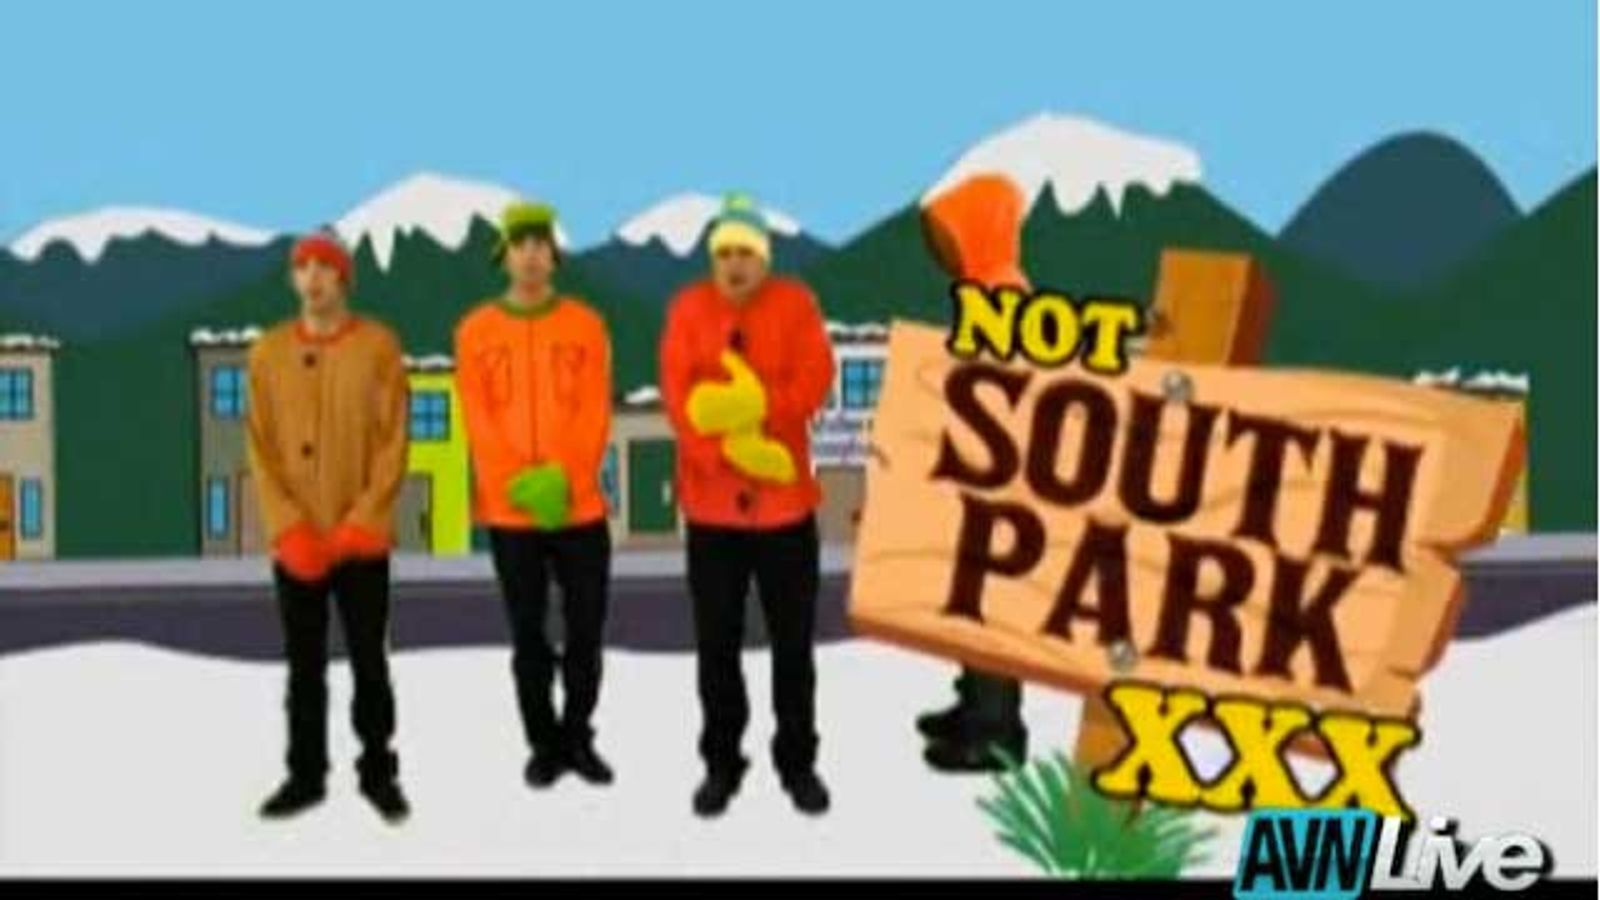 'South Park' Porn Parody Is a Big Hit But Gets Harsh Criticism
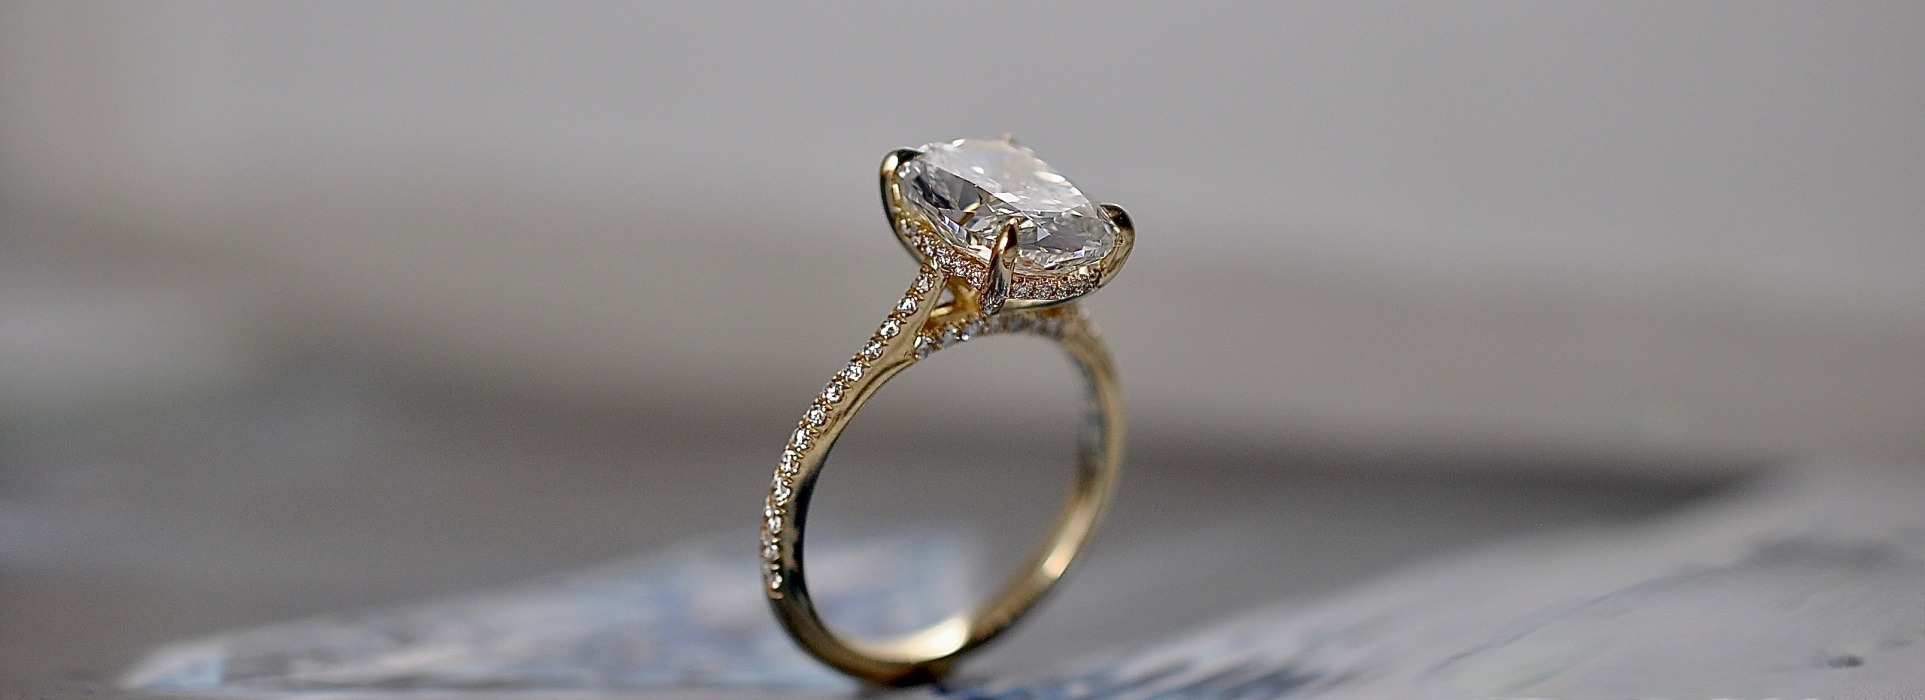 Gorgeous diamond ring showcasing timeless elegance
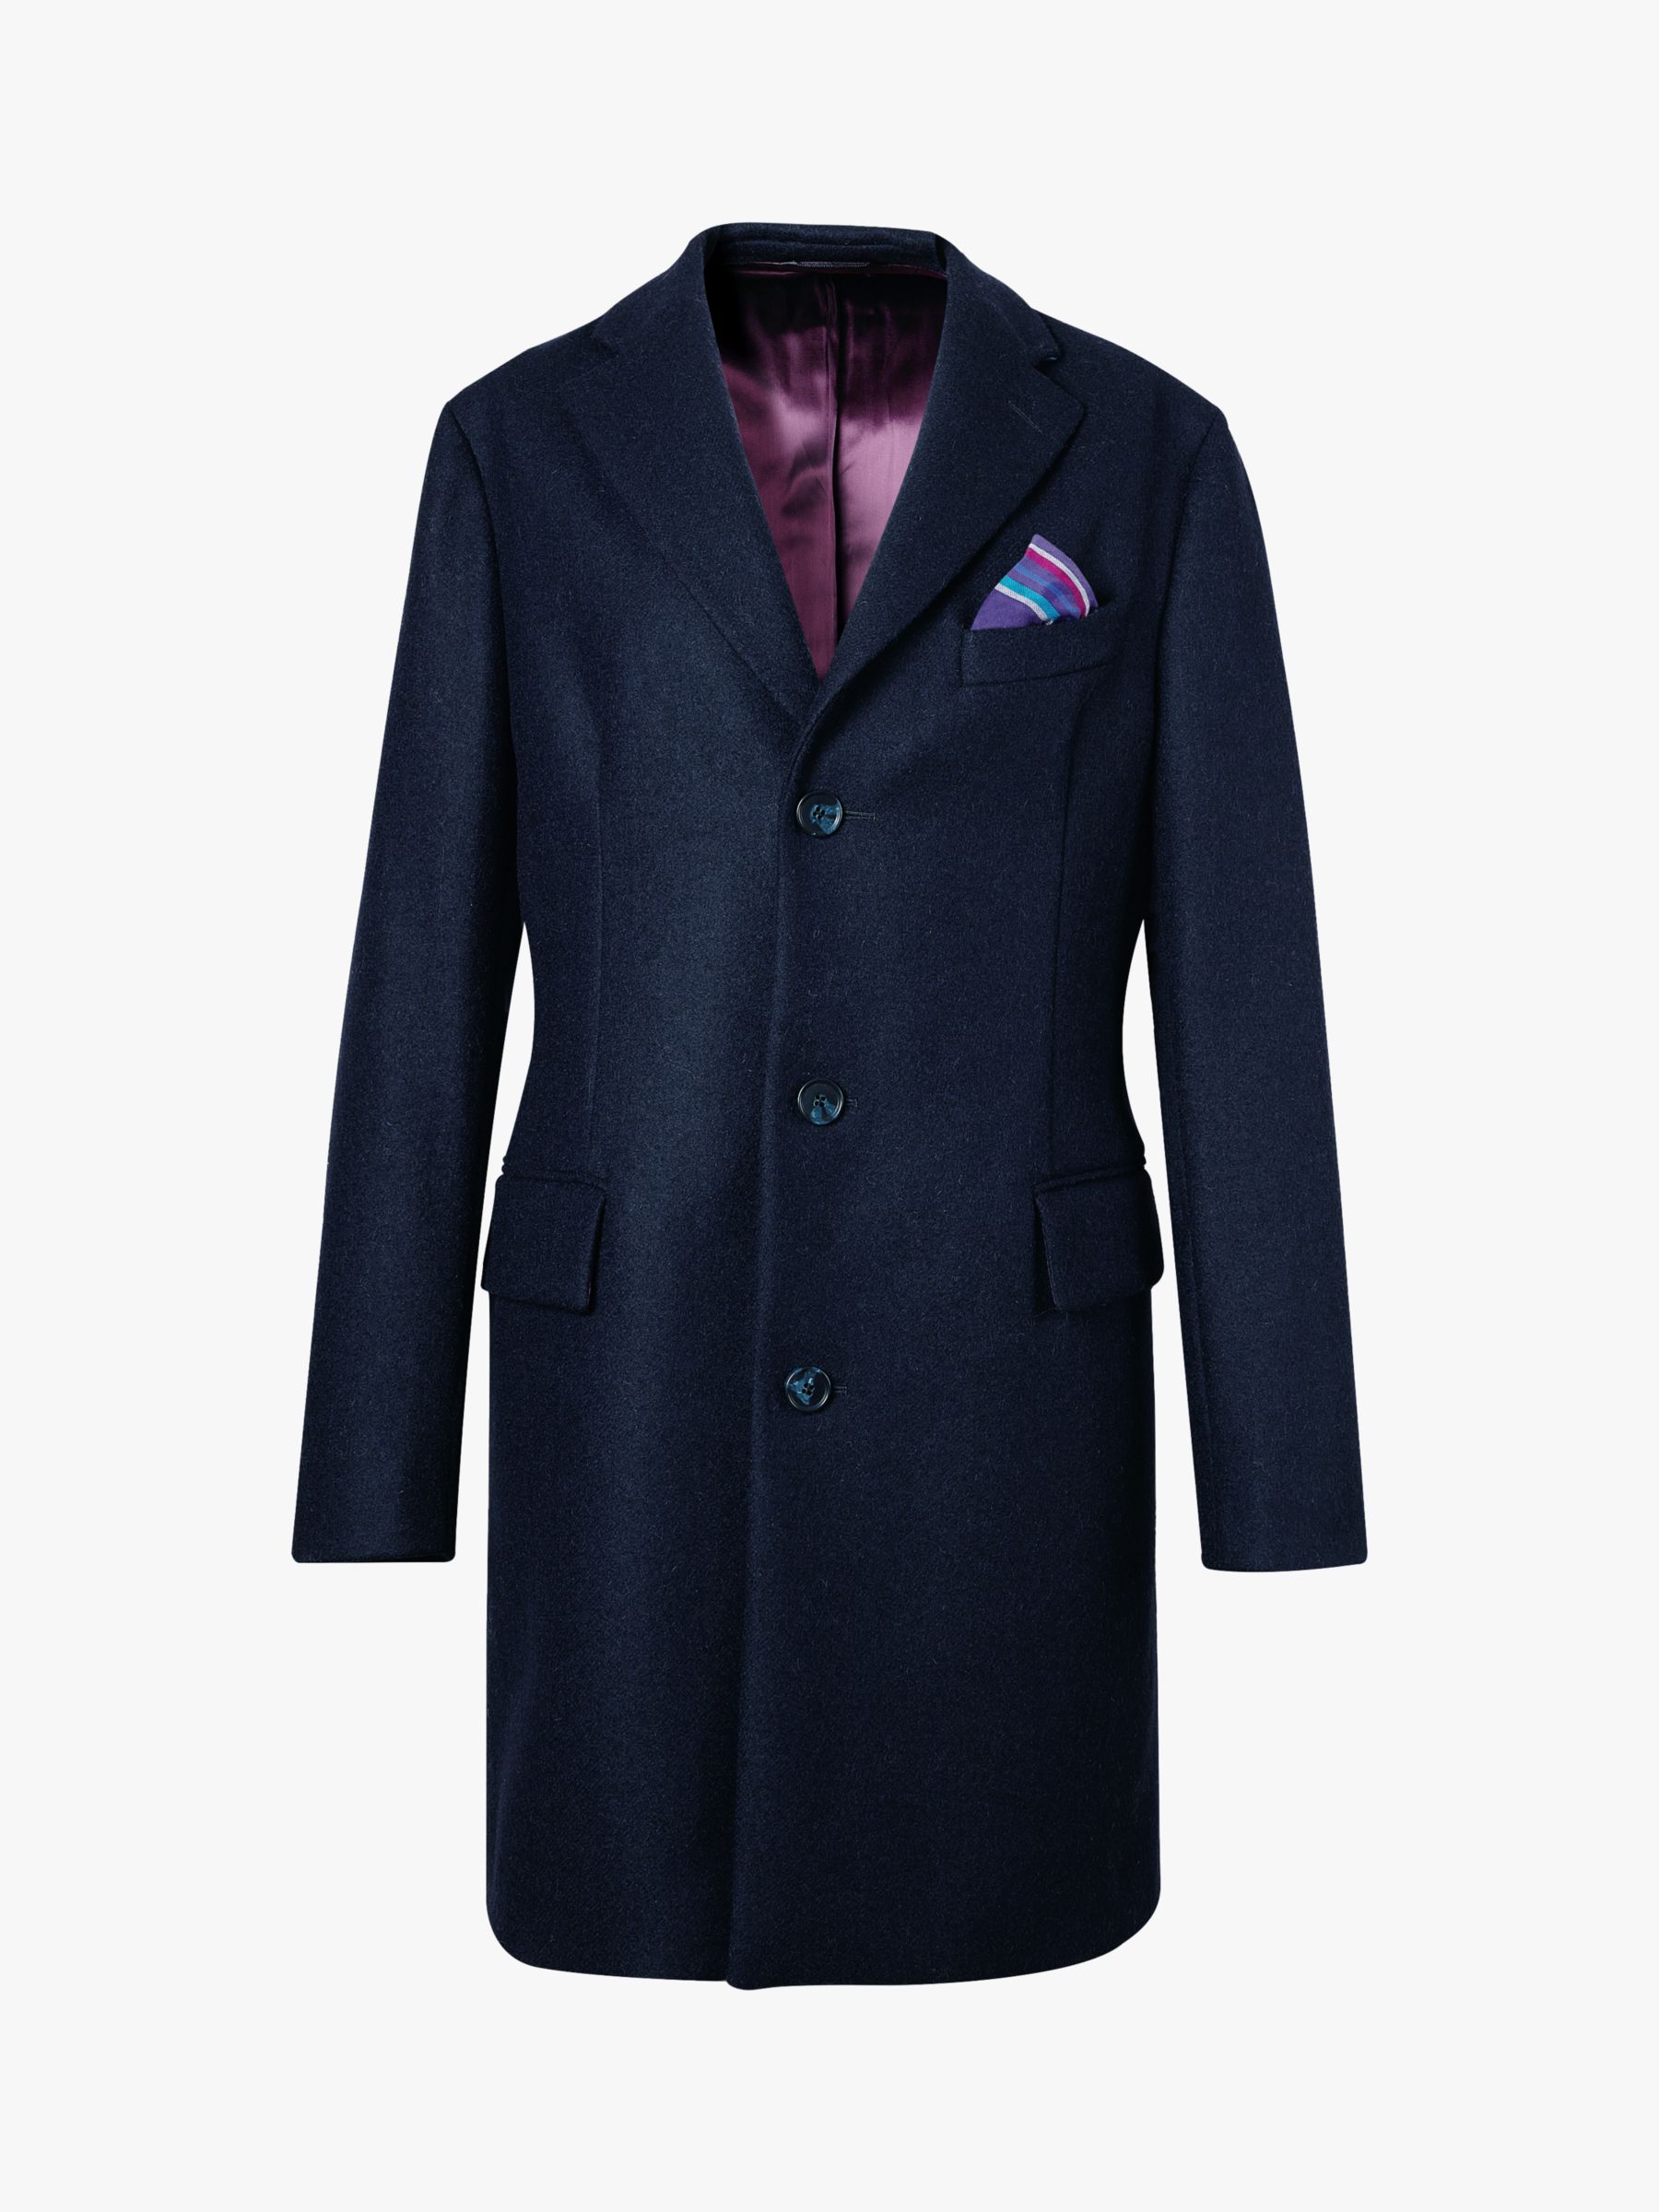 Buy KOY Heritage British Wool Tailored Fit Overcoat, Navy Online at johnlewis.com

_WHAT YOU NEED TO DO_.
Keep the pictures out of the copy and write out the data exactly as it stands.

_EXERCISE ANSWER_.
 'South Park' Porn Parody Is a Big Hit But Gets Harsh Criticism
 Gorgeous diamond ring showcasing timeless elegance
 Buy KOY Heritage British Wool Tailored Fit Overcoat, Navy Online at johnlewis.com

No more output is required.